Washington has established child support guidelines for how child support is to be calculated by the courts. The courts have the ability to deviate from the guidelines, but have an obligation to ensure that the deviated support still meets the needs of the children. The ability to deviate actually leaves a lot of room for cooperative parents to develop creative approaches to child support.
The state approach to child support uses the income of both parents to determine an amount that the family is presumed to be spending on the children. It then divides the responsibility for that amount between the parents. However, except in unusual situations, it assumes those monies need to be made available in the home the child spends the majority of the time. As an example, let’s say parent A is responsible for $500, and parent B is responsible for $700, and the children live primarily with parent B. In that case Parent A would normally pay $500 to parent B, and parent B would be assumed to be using that money plus another $700 out of their own pocket to meet the needs of the children in their home. Unfortunately this means that the standard formula does not make any provision for the ordinary child expenses of parent A – the parent having less time with the children.
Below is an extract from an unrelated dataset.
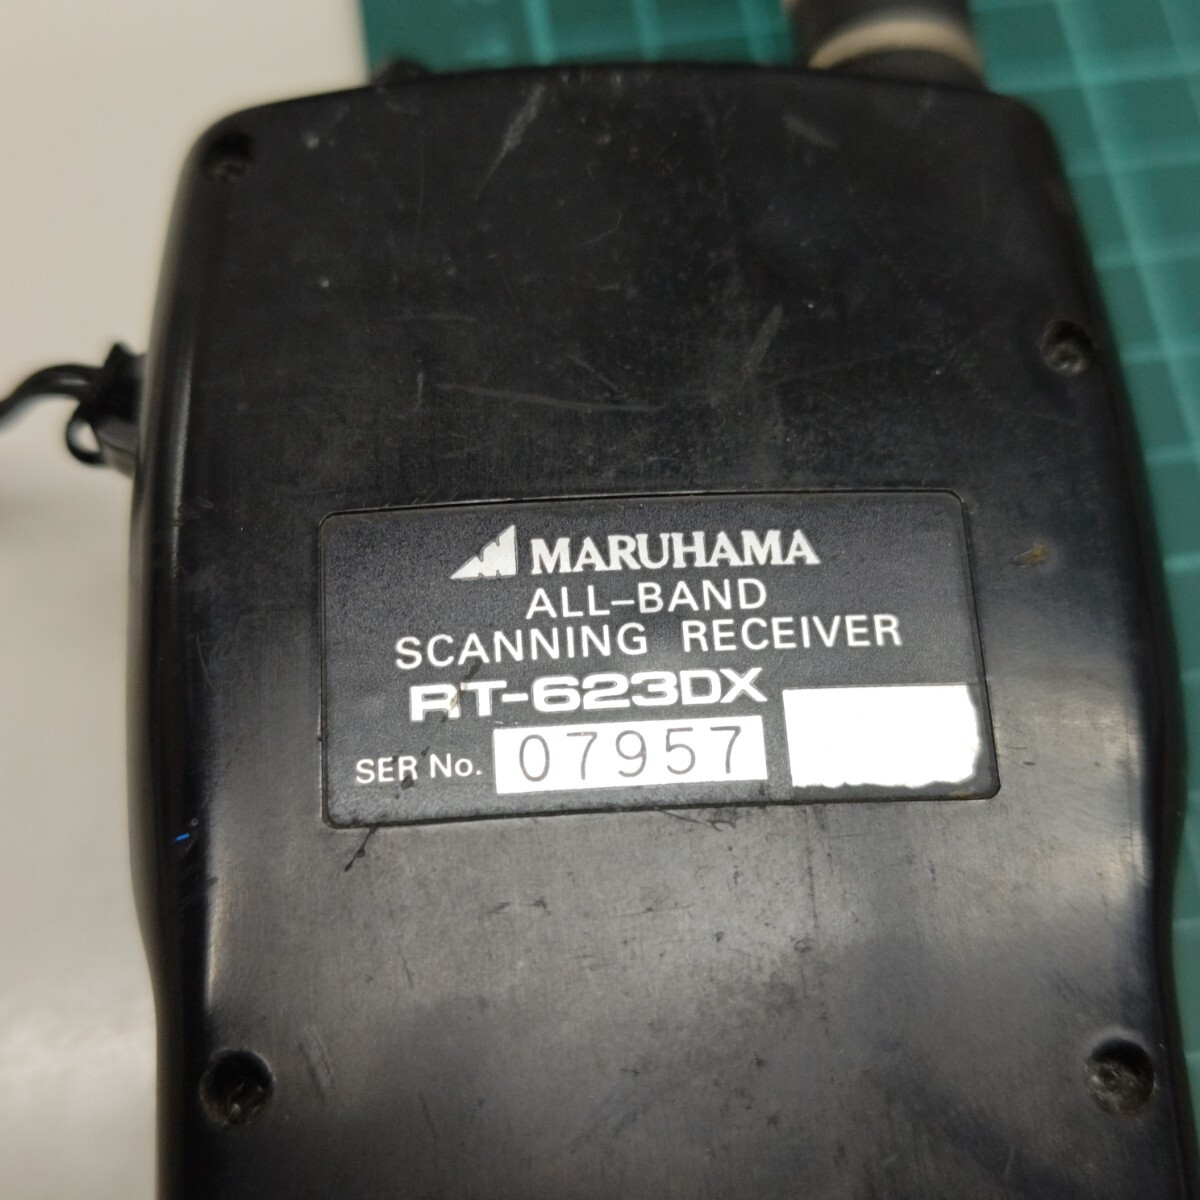 [ утиль ]MARUHAMA RT-623DX широкий obi район приемник 2 частота одновременно прием подслушивание контейнер обнаружение контейнер .

To deal with the issue of recognizing the child related expenses of each parent, cooperative couples have taken a number of different approaches. Some parents have simply taken the state presumed amount and redistributed it between the parents relative to their respective amounts of time with the children. Other parents have looked at their actual expenses and come up with a different amount than the state calculation and distributed that between them according to both their time with the children and their spending patterns. For instance, if one parent does all the clothes buying for the children, that parent might need a bit more of the child support budget.
I have even seen some parents set up a joint account just for child expenses. They might each contribute to the account in set monthly amounts or set percentages, and then each draws on the account for child expenses they incur. This approach does work best for a couple who are in very close agreement about what the child expenses should be, and may mean a good deal of communication back and forth about what is being spent.
Another approach I have seen is scheduling a regular, perhaps annual, “true up” where they compare what each has spent on the children and work out a balancing payment to get them back to the agreed percentages of responsibility.
The approaches we can take to child support are only limited by our creativity, and our ability to demonstrate to the court that the arrangements serve the children’s best interests.